Quelle place a ce triomphe auprès des Camerounais ? Votre sélection a connu une période glorieuse au début des années 2000, mais est-ce que cette compétition de 1988 garde une place particulière dans votre football ? Surtout, lorsqu’on sait qu’il y a eu le Mondial 90 réussi après. Etait-ce le début d’une belle histoire ?
Je dirais que ça a été la continuité du travail accompli depuis 1982. Ou même un peu avant. Les générations se suivaient mais se ressemblaient, mais l’envie et la volonté étaient là. Et comme par hasard, toutes les CAN que le Cameroun a enlevées, on les a gagnées à l’extérieur. On n’a organisé que celle de 1972 qu’on avait perdue en demi-finale. Donc c’était toujours de plaisir de sortir et ramener un trophée. On a été reçu dans le palais présidentiel, et on a fait un tour d’honneur dans la ville de Yaoundé. Accompagné du peuple camerounais. Ça a été l’aboutissement d’un travail bien accompli.
Et chez vous, n’y avait-il pas des sentiments mitigés, dû au fait que vous n’avez joué que le premier match ?

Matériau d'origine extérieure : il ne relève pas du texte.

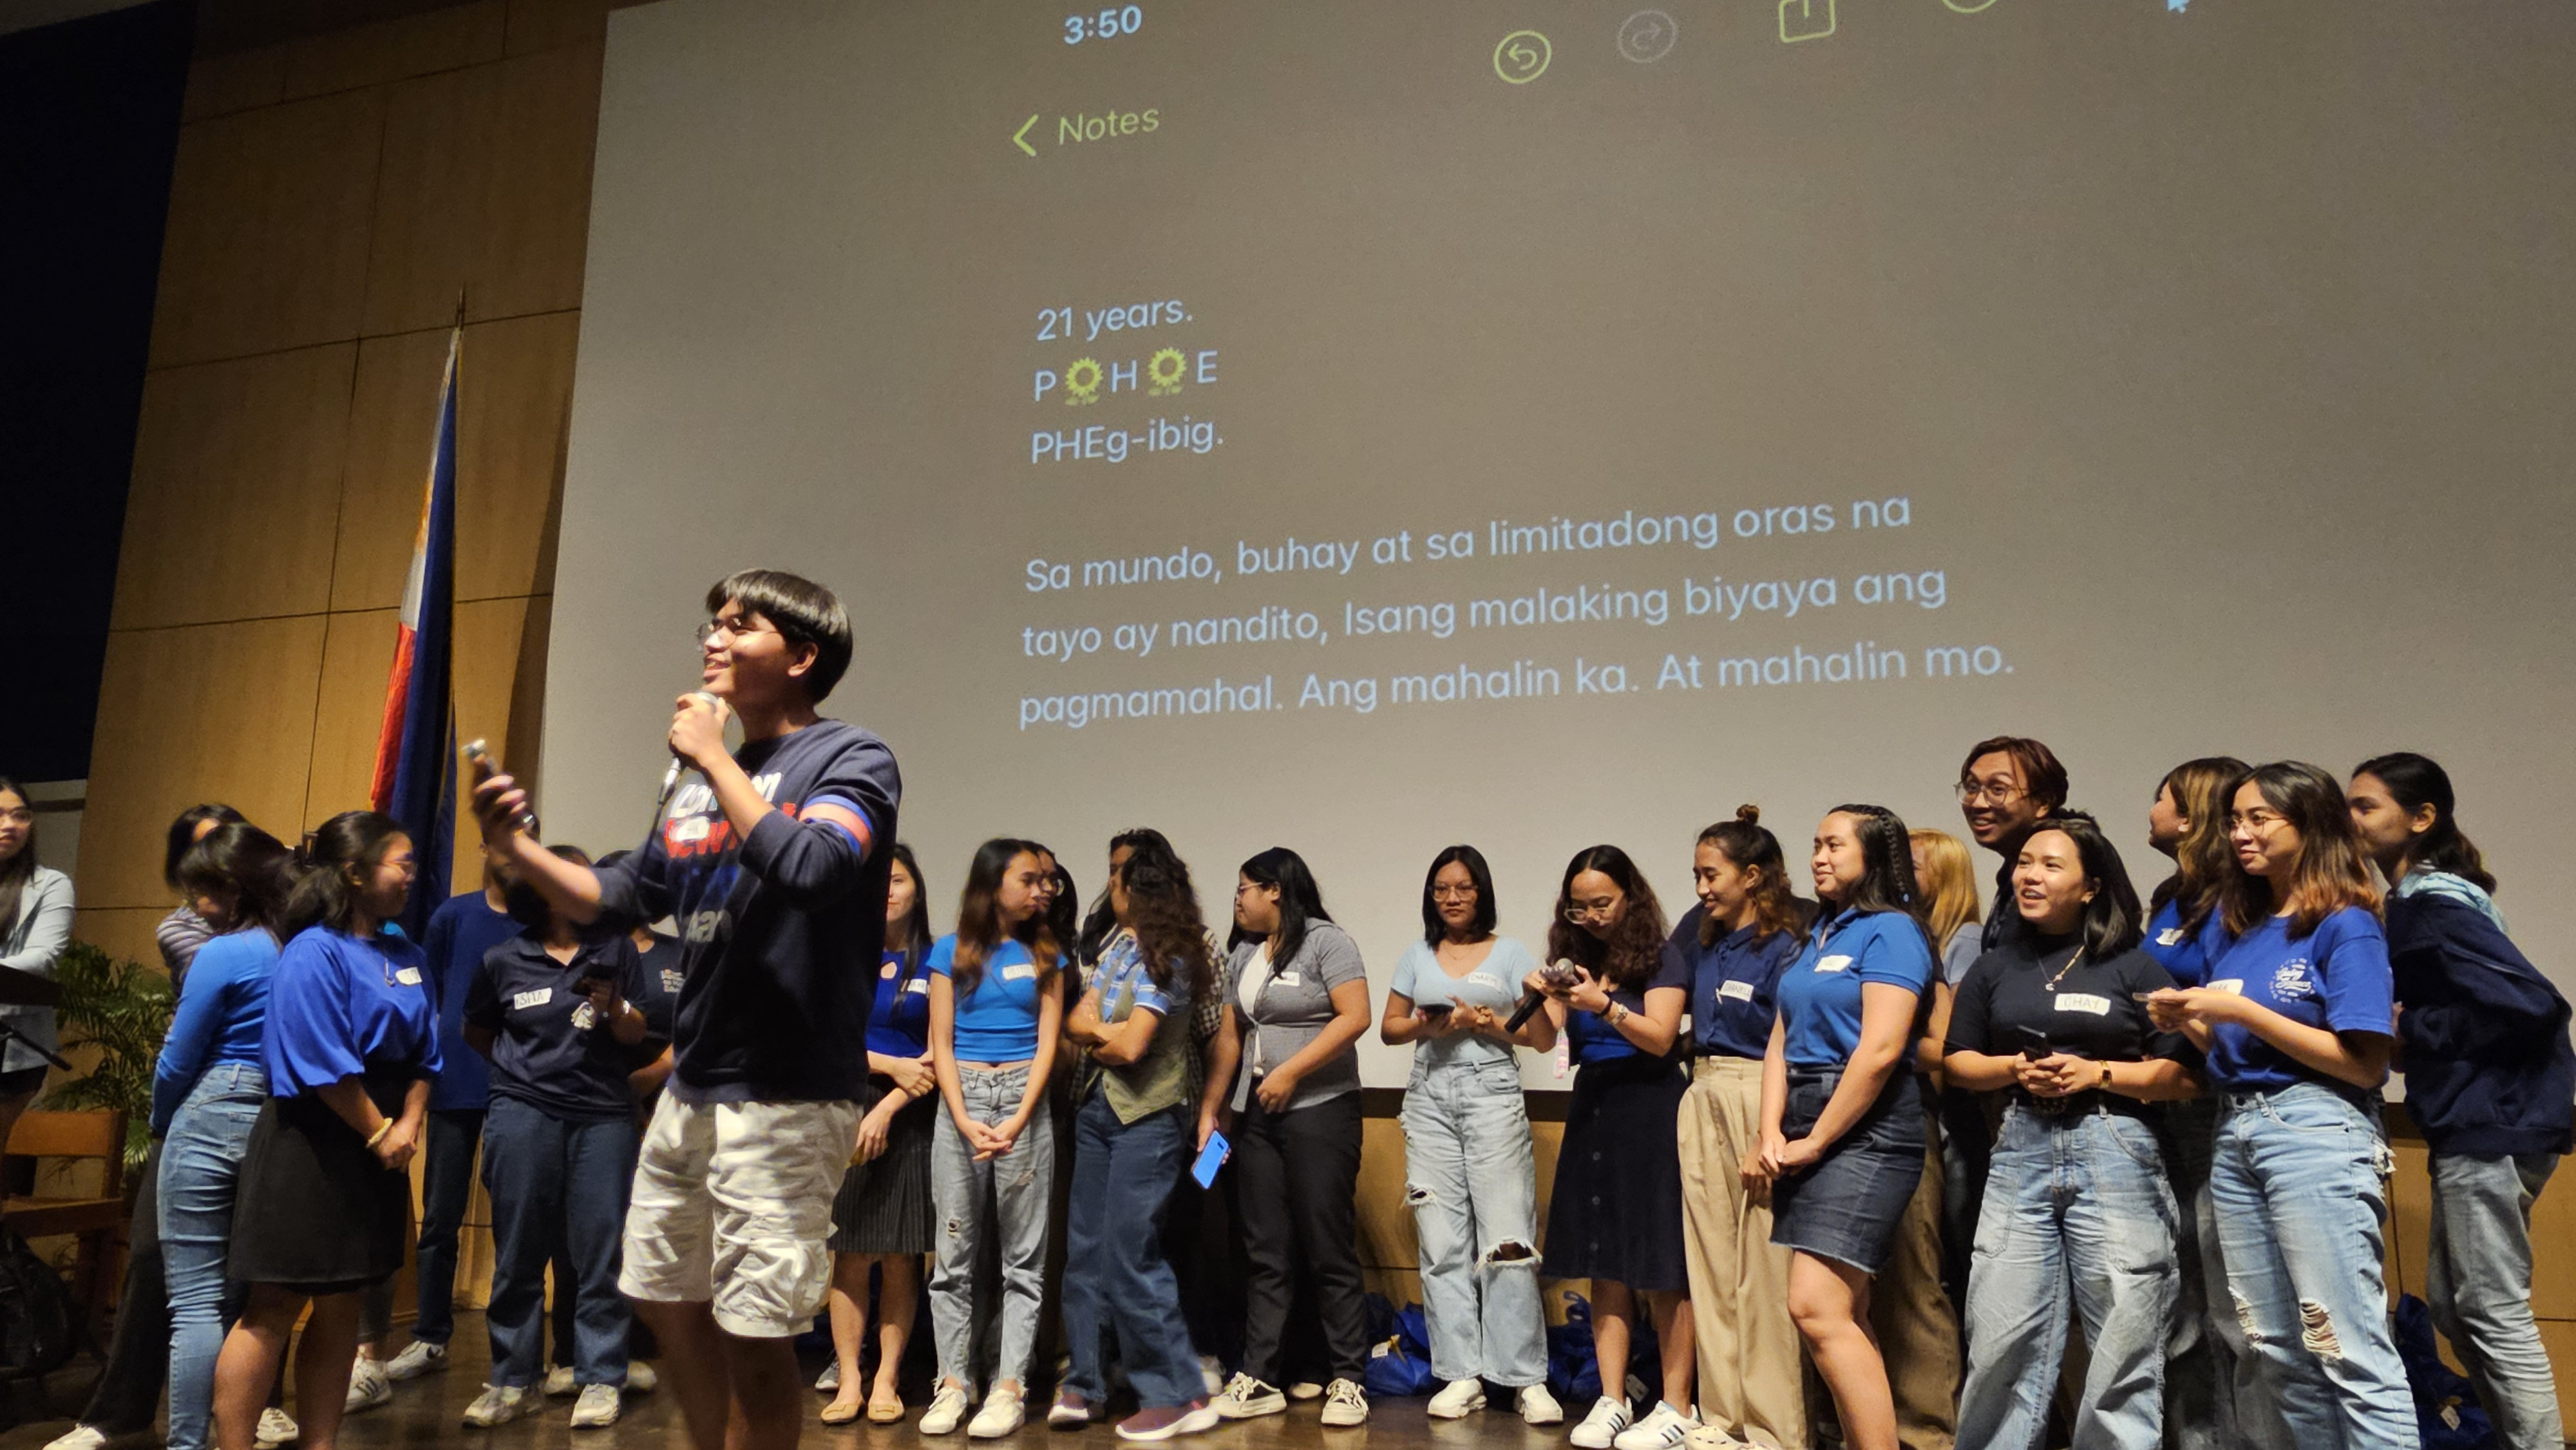 A row of students in blue stand behind one student with a microphone in his hands.

Il y a deux sentiments, en effet. Le premier, c’est la satisfaction d’avoir été dans le groupe, d’avoir accompagné cette équipe et remporté cette CAN. Malheureusement, il y a aussi l’autre, un peu plus mitigé. Car on espérait pouvoir jouer et démontrer sa qualité, avant qu’il n’y ait eu cette malheureuse blessure. Mais on reste malgré tout positif à ce moment-là. Parce qu’on se dit qu’on a 21 ans et que la blessure fait partie du football. On a le temps de revenir et de faire une carrière honorable. Donc j’ai plus retenu la victoire que la blessure.